A study of approaches to reducing cost of ownership data warehouse exabyte sizes
widely used to deal with the problem of storage capacities and data access, federating the
resource of distributed platform.
Currently most of the market store data, including metadata, is a technology network storage NAS, for which reliable operation requires specialized, expensive equipment. An example of such equipment are widespread servers NetApp FAS8000, FAS2500 and other NetApp. Of course the establishment of data warehouse of a large company in this type of equipment will require significant financial resources.

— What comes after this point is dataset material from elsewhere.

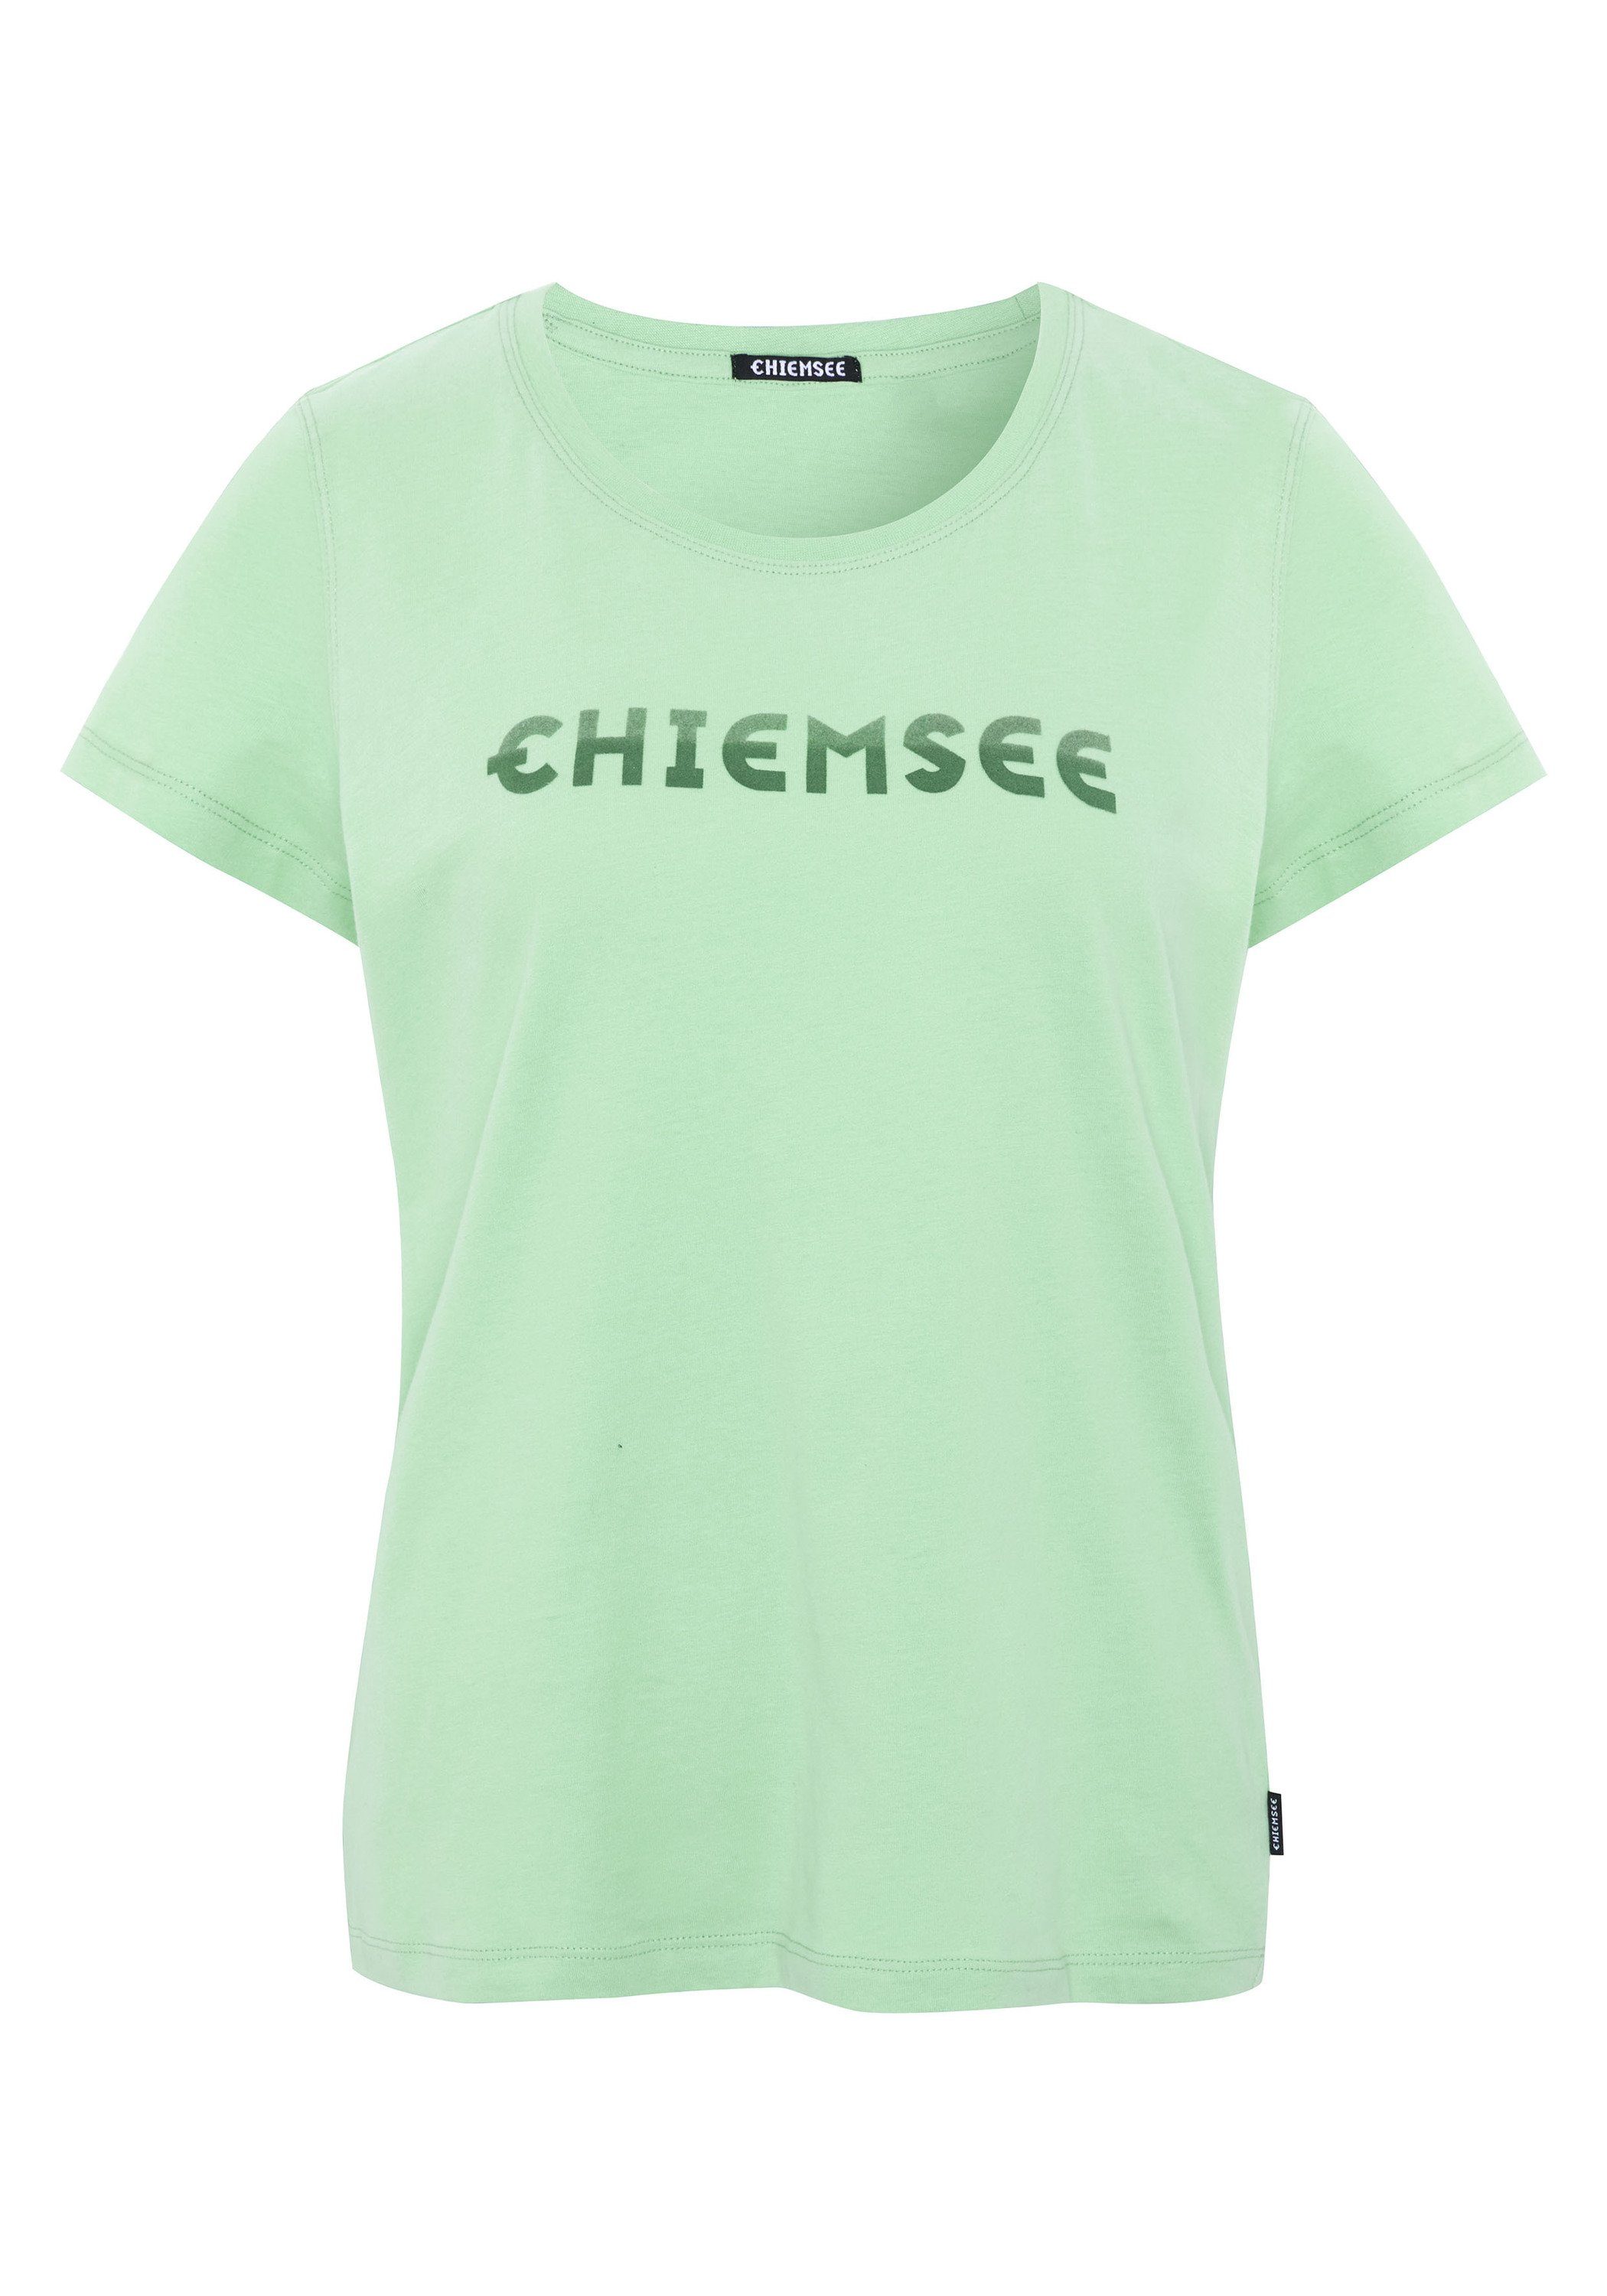 T-Shirt in Neptune Farbverlauf-Optik mit 1 Print-Shirt Green Chiemsee Logo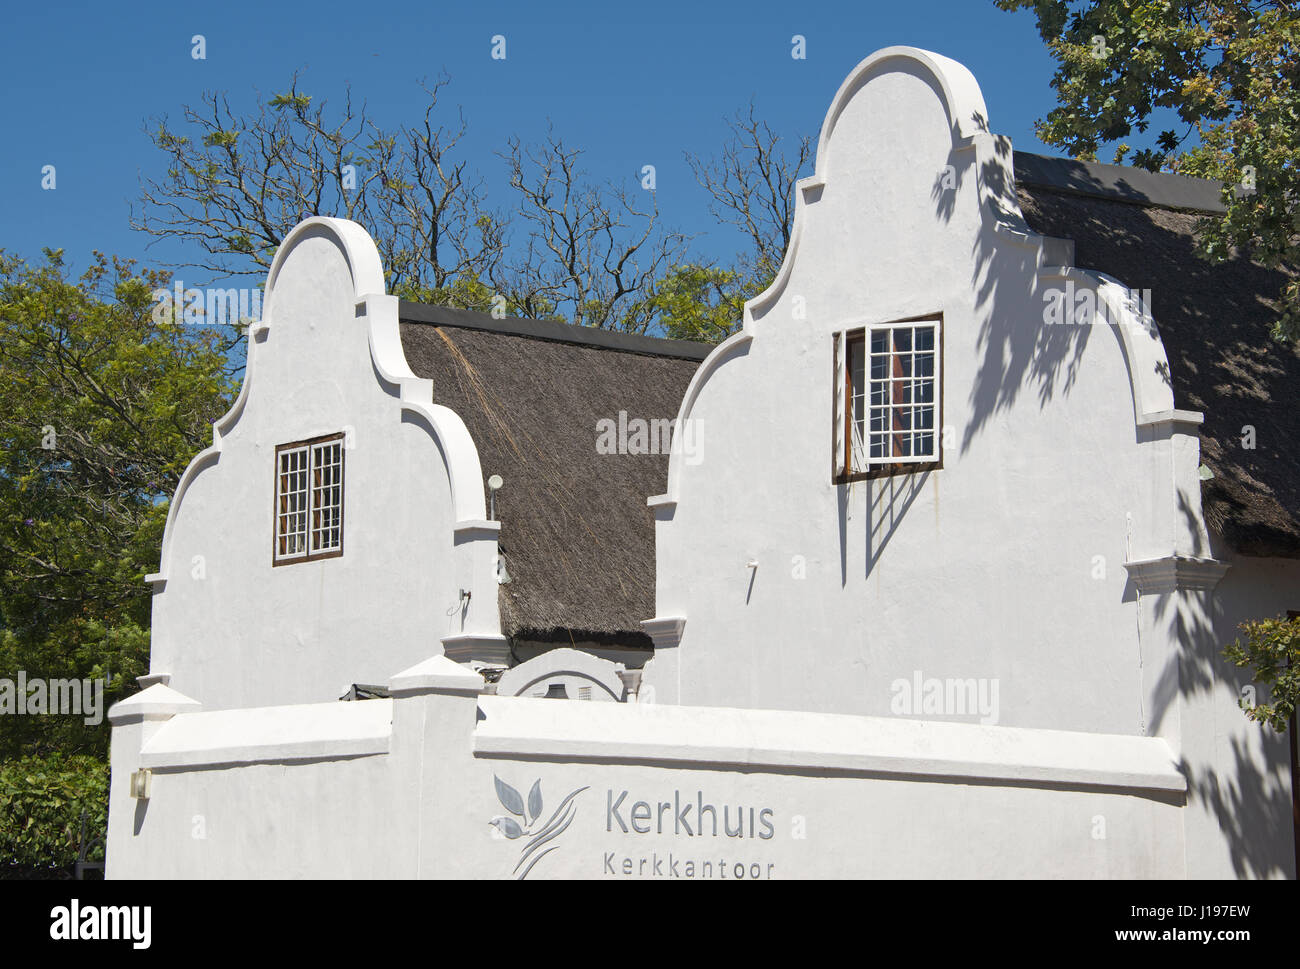 Dutch gable roof Kerkhuis Church House Stellenbosch Western Cape South Africa Stock Photo

In the last two or three years, rapidly evolving market for distributed file system having the properties of scalability to exabyte size, fault tolerance, reliability, and allows the user to deploy clusters on the cheap servers, which significantly reduces the cost of implementing data warehouses.
The report analyses the technical characteristics of the file systems (GlusterFS, Hadoop CephFS, MooseFS) at different loads and client-server configurations. For example, for the system Moose FS:
Possible protocols connection: FUSE
Test data transfer:
Configuration: 1 client / 1 server storage
File 1496 MB; time, 19 h; the speed of 78.6 MB/s
File 15394 MB; time 172 sec; speed 89.5 MB/s
Configuration 1 client / 2 server storage
File 1496 MB; time, 9 h; the speed of 166.6 MB/s
File 15394 MB; time 93 seconds; the speed of 165.5 Mbps
Configuration: 4 client (parallel recording) / 1 storage server
CLIENT1-File 1496 MB time 45 sec; the speed of 33.2 MB/s
Client2-File 1496 MB; time, 47 h; the speed of 31.8 MB/s
Client 3-File 1496 MB time 56 seconds; the speed of 26.7 MB/s
Client 4-File 1496 MB; time, 57 seconds; speed 26.2 MB/s
Configuration: 4 client (parallel entry) / 2 storage server
CLIENT1-File 1496 MB; time, 29 seconds; speed 51.6 MB/s
Client2-File 1496 MB time 34 sec; the speed of 44.0 MB/s
Client 3-File 1496 MB; time, 35 sec; speed 42.7 MB/s
Client 4-File 1496 MB; time, 33 h; the speed of 45.3 MB/s.
The results of the analysis demonstrate the possibility to scale the file system, issuing bandwidth, limited only by the speed of data transmission in the network. That in turn allows to refuse the use of expensive server hardware in favor of the distributed file systems.